Mais il ne s’agit pas d’une simple addition de rangées. La stabilité dépend de nombreux paramètres :
- La qualité de la fondation
- Le type de terrain
- L’exposition au vent
- Le poids supporté en tête de mur
- La présence d’ouvertures ou non
C’est pourquoi, au-delà de 2,50 m, il est souvent conseillé de faire valider le projet par un professionnel, voire de consulter un bureau d’étude structure dans le cadre de travaux importants.

Exemple concret : construire un mur de clôture en parpaing de 20
Prenons un cas fréquent : un propriétaire souhaite construire un mur de séparation avec son voisin, sur la limite séparative, en utilisant des parpaings de 20 cm. Il vise une hauteur de 2 m, ce qui est courant pour une clôture opaque.
Dans ce cas :
- Aucune demande de permis n’est nécessaire si le PLU l’autorise, mais une déclaration préalable doit être déposée en mairie.
- Une semelle de 40 cm de large est recommandée, avec une profondeur d’au moins 50 cm selon la nature du sol.
- Un chaînage horizontal en haut et à mi-hauteur assurera la bonne tenue du mur dans le temps.
- Des poteaux verticaux (raidisseurs) sont coulés dans des blocs d’angle tous les 2,50 mètres pour éviter les fissures et les déformations.
- Un enduit ou une finition viendra protéger le parpaing de l’humidité.
Avec cette configuration, le mur sera parfaitement stable et conforme à la réglementation. Tenter de monter à 3 m sans renforcer la structure exposerait le mur à des déformations ou des effondrements sur le long terme.
Que se passe-t-il si la hauteur est dépassée ?
Construire un mur plus haut que ce que permet la réglementation ou que ce que le matériau peut supporter présente plusieurs risques.
D’un point de vue technique, un mur trop haut sans renfort devient instable. Le poids s’accumule, le centre de gravité monte, et la moindre poussée extérieure (rafale de vent, sol meuble, choc accidentel) peut causer des fissures, voire un effondrement.

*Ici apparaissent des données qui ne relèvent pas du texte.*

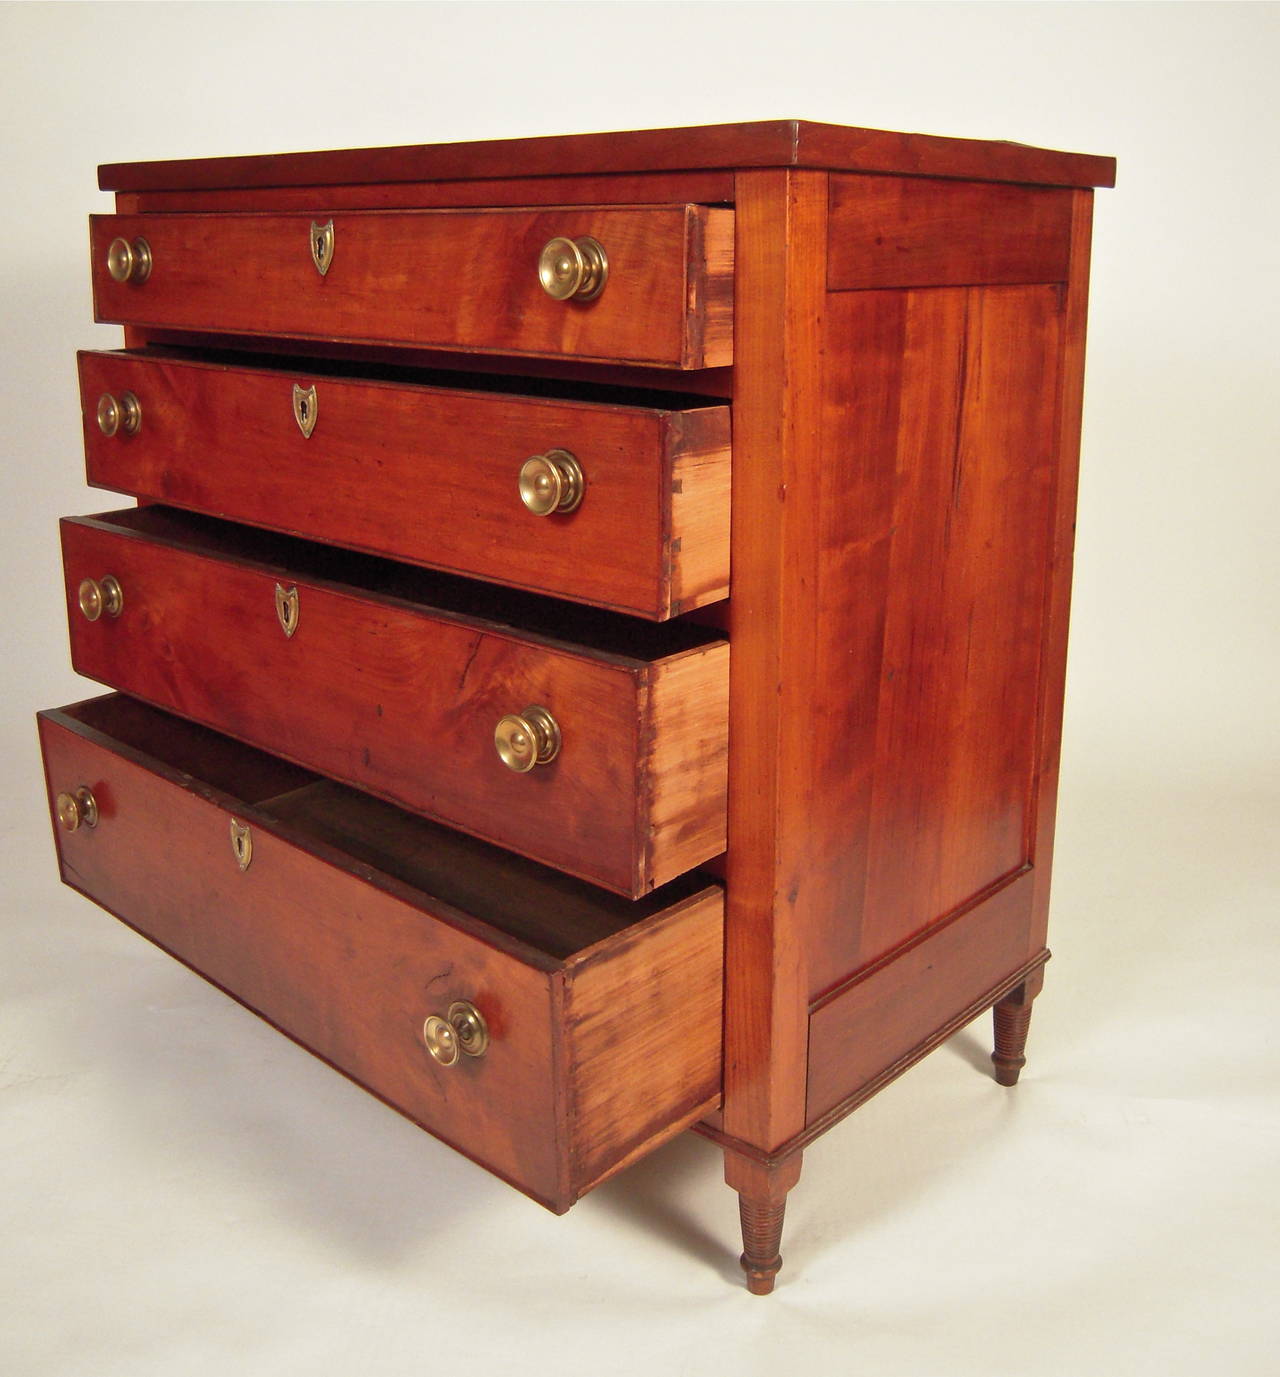 A Biedermeier classically proportioned chest of drawers in cherry, circa 1830s, the rectangular case with 4 cockbeaded, graduated drawers, each with 2 brass drawer pulls and centered by shield shaped brass escutcheons, raised on 4 tapered spirally
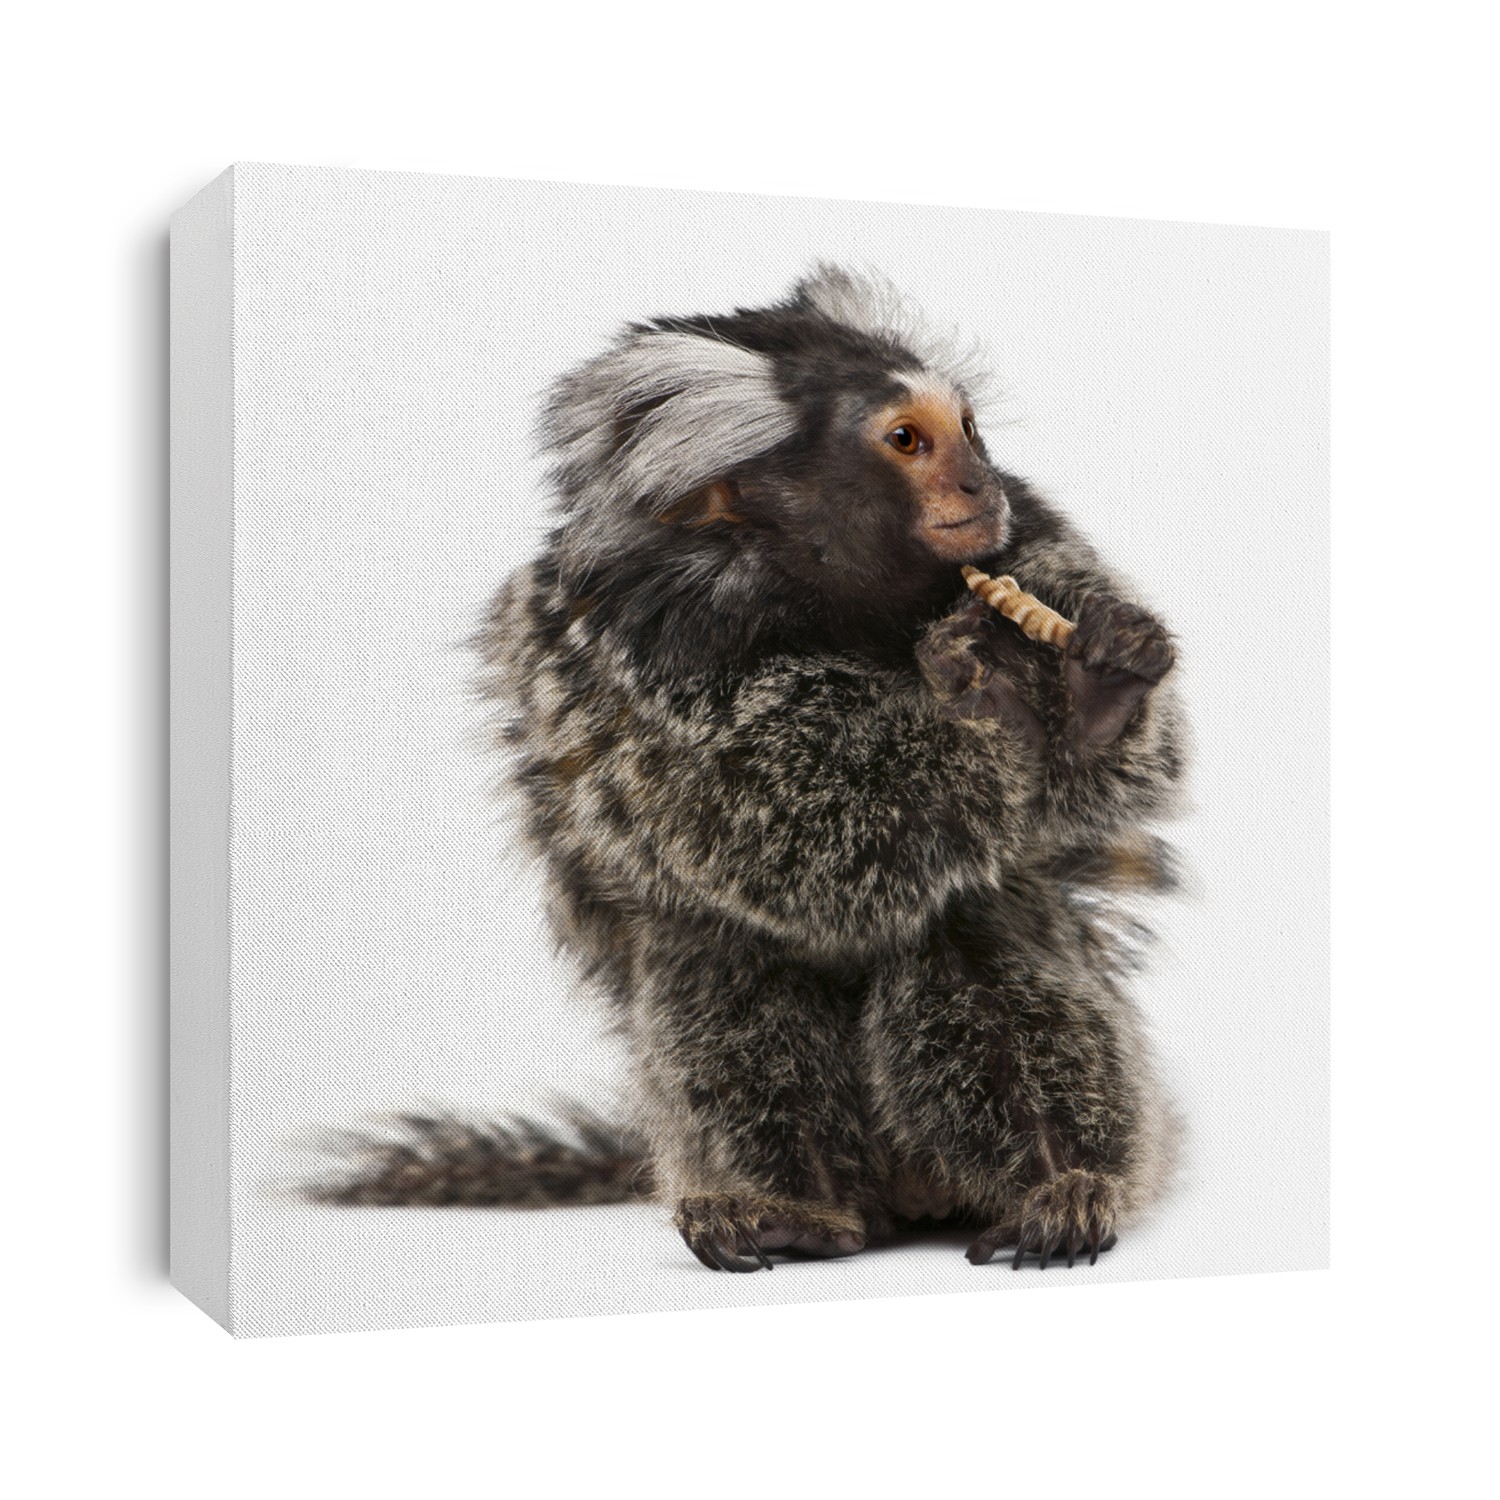 Common Marmoset, Callithrix jacchus, 2 years old, eating worm in front of white background

Sur le plan juridique, un mur construit sans respecter le PLU ou sans déclaration préalable peut faire l’objet d’une demande de démolition. Un voisin peut déposer un recours s’il estime que le mur crée une gêne (perte de lumière, vue obstruée, trouble anormal du voisinage).
Enfin, en cas de vente du bien, une construction non déclarée ou non conforme peut poser problème lors de l’acte notarié, voire bloquer une transaction si un certificat de conformité est exigé.
Le rôle du professionnel dans un projet de mur en parpaing
Même si construire un mur en parpaings semble à la portée d’un bon bricoleur, il est souvent préférable de se faire accompagner. Un maçon professionnel saura adapter la construction à la hauteur souhaitée, renforcer la structure au bon endroit, et assurer une finition durable.
En cas de doute sur la réglementation, un architecte ou un bureau d’étude en bâtiment peut aussi vous orienter. Cela évite les erreurs coûteuses, les travaux à reprendre, ou des conflits avec les voisins ou la mairie.